• [WHAT TO PRODUCE] In the records below, find the line holding "Rusia lanza el" and the line holding "Titel: Sale-and-Lease-Back als". Set down both, with every line between them, exactly.

• [DATA TO USE]
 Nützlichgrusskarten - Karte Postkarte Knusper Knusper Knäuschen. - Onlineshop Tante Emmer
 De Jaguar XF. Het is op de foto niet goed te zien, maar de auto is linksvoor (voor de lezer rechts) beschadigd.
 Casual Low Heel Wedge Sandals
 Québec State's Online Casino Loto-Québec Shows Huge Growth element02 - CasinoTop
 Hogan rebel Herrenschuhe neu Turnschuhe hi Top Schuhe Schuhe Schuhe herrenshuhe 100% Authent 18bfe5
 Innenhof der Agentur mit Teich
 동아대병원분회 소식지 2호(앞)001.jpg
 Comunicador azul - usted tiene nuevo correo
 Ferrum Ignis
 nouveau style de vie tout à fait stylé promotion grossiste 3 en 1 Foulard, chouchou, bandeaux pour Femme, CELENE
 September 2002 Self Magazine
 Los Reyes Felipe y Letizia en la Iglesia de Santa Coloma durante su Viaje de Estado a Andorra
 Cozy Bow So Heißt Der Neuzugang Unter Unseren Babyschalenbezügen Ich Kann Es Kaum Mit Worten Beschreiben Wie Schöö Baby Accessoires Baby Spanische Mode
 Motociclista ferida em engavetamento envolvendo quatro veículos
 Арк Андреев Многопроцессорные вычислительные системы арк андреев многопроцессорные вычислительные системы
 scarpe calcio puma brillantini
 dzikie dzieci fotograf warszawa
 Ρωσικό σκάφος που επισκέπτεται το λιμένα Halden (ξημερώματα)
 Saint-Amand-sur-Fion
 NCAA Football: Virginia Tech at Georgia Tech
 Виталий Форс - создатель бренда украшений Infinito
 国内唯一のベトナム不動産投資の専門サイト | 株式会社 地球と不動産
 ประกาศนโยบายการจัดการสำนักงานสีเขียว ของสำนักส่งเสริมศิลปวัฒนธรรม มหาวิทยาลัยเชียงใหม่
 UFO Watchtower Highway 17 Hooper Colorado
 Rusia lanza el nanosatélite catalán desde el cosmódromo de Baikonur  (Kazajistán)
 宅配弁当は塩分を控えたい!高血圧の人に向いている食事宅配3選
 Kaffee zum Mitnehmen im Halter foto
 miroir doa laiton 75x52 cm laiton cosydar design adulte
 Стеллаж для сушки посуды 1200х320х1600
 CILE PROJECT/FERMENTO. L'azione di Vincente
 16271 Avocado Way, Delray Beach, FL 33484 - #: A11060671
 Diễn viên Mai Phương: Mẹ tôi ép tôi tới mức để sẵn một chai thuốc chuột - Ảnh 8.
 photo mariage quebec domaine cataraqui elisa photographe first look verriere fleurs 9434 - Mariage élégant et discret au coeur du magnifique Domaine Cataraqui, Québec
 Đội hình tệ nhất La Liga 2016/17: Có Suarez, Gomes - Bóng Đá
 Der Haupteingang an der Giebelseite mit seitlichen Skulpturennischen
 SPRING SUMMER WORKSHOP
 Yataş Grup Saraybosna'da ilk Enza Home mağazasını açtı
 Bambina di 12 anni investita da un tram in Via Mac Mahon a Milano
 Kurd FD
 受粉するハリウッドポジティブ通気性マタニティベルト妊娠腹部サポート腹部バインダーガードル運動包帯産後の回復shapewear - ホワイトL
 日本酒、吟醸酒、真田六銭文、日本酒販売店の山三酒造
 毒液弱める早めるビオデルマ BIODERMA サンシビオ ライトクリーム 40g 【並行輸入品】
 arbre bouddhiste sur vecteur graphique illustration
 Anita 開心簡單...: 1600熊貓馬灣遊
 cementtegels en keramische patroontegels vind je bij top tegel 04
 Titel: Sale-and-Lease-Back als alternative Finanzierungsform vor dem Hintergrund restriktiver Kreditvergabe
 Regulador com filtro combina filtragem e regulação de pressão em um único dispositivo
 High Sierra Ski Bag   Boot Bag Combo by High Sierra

• [OUTPUT FOR THIS EXERCISE]
 Rusia lanza el nanosatélite catalán desde el cosmódromo de Baikonur  (Kazajistán)
 宅配弁当は塩分を控えたい!高血圧の人に向いている食事宅配3選
 Kaffee zum Mitnehmen im Halter foto
 miroir doa laiton 75x52 cm laiton cosydar design adulte
 Стеллаж для сушки посуды 1200х320х1600
 CILE PROJECT/FERMENTO. L'azione di Vincente
 16271 Avocado Way, Delray Beach, FL 33484 - #: A11060671
 Diễn viên Mai Phương: Mẹ tôi ép tôi tới mức để sẵn một chai thuốc chuột - Ảnh 8.
 photo mariage quebec domaine cataraqui elisa photographe first look verriere fleurs 9434 - Mariage élégant et discret au coeur du magnifique Domaine Cataraqui, Québec
 Đội hình tệ nhất La Liga 2016/17: Có Suarez, Gomes - Bóng Đá
 Der Haupteingang an der Giebelseite mit seitlichen Skulpturennischen
 SPRING SUMMER WORKSHOP
 Yataş Grup Saraybosna'da ilk Enza Home mağazasını açtı
 Bambina di 12 anni investita da un tram in Via Mac Mahon a Milano
 Kurd FD
 受粉するハリウッドポジティブ通気性マタニティベルト妊娠腹部サポート腹部バインダーガードル運動包帯産後の回復shapewear - ホワイトL
 日本酒、吟醸酒、真田六銭文、日本酒販売店の山三酒造
 毒液弱める早めるビオデルマ BIODERMA サンシビオ ライトクリーム 40g 【並行輸入品】
 arbre bouddhiste sur vecteur graphique illustration
 Anita 開心簡單...: 1600熊貓馬灣遊
 cementtegels en keramische patroontegels vind je bij top tegel 04
 Titel: Sale-and-Lease-Back als alternative Finanzierungsform vor dem Hintergrund restriktiver Kreditvergabe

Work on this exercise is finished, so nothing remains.